What’s your opinion?

In your code.

I notice that in this code, there are
df.columns = list(sample_annot_df[“reduced_coordinate”])
# removing out side of the brain coordinates
df.drop(sample_annot_df.index[sample_annot_df.reduced_coordinate.isnull()], axis=1, inplace=True)
# averaging measurements from similar locations
df = df.groupby(level=0, axis=1).mean()

    df.columns = pd.MultiIndex.from_tuples([(donor_id, c,) for c in list(df.columns)],
                                           names=['donor_id', 'reduced_coordinate'])

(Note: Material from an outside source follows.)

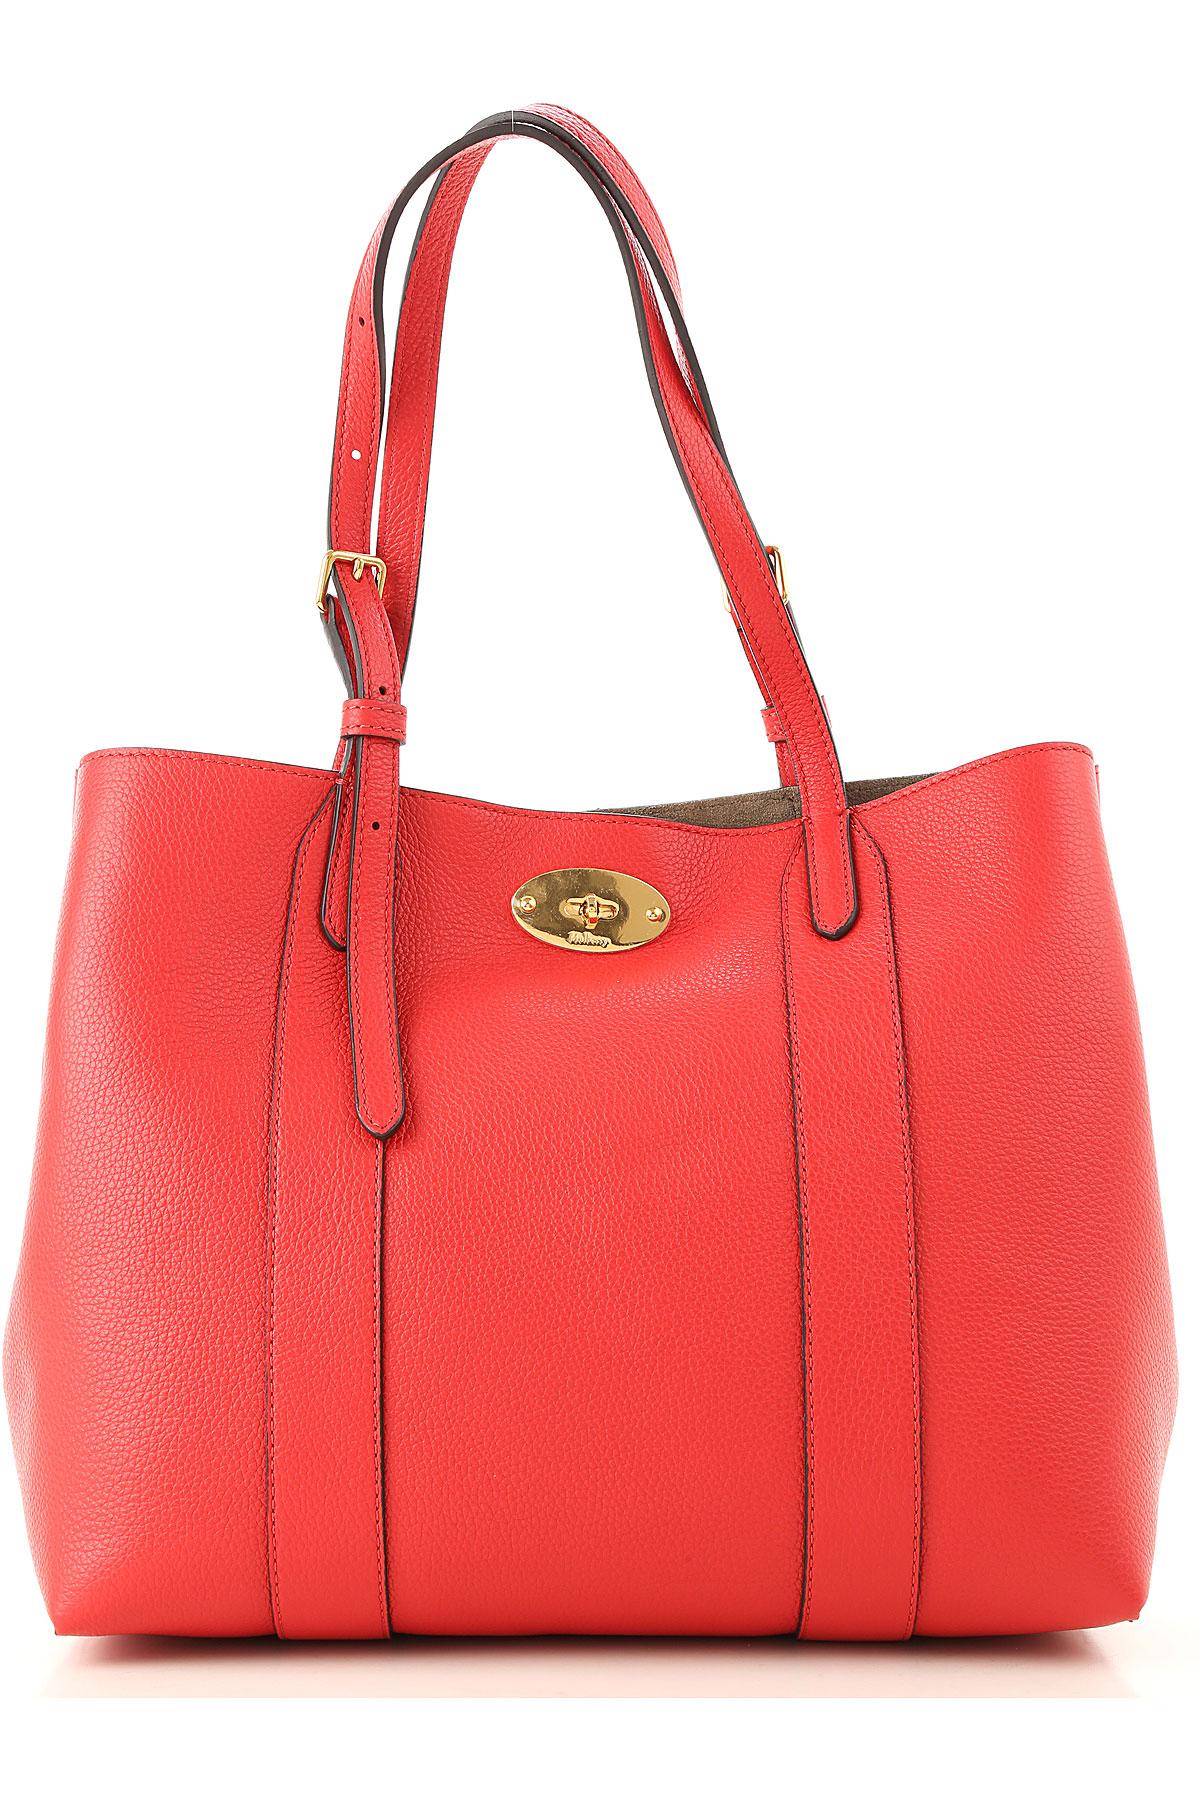 364a3d1899 Mulberry Shoulder Bag for Women

You first want to remove the coordinate outside the brain? I am wondering that why some samples are outside the brain (all the samples come from the six donors’ brain).

The second question is how to average measurements from similar locations? Averaging both nifti values and expression values? How to group adjacent samples? What is the nature of this algorithm? Because I would like to implement this using MATLAB code.

I think there are much technical details are not clear,such as z-transformations issues and no indendency of overlaping values of two spheres centered at their MNI coordinate just as asked by Feng Liu above.Please give your explanations.

Hi there. I’m currently swamped with other work, but since you already know where to find source code for the alleninf and NeuroVault implementations I’m sure you’ll manage to figure out the nitty gritty details.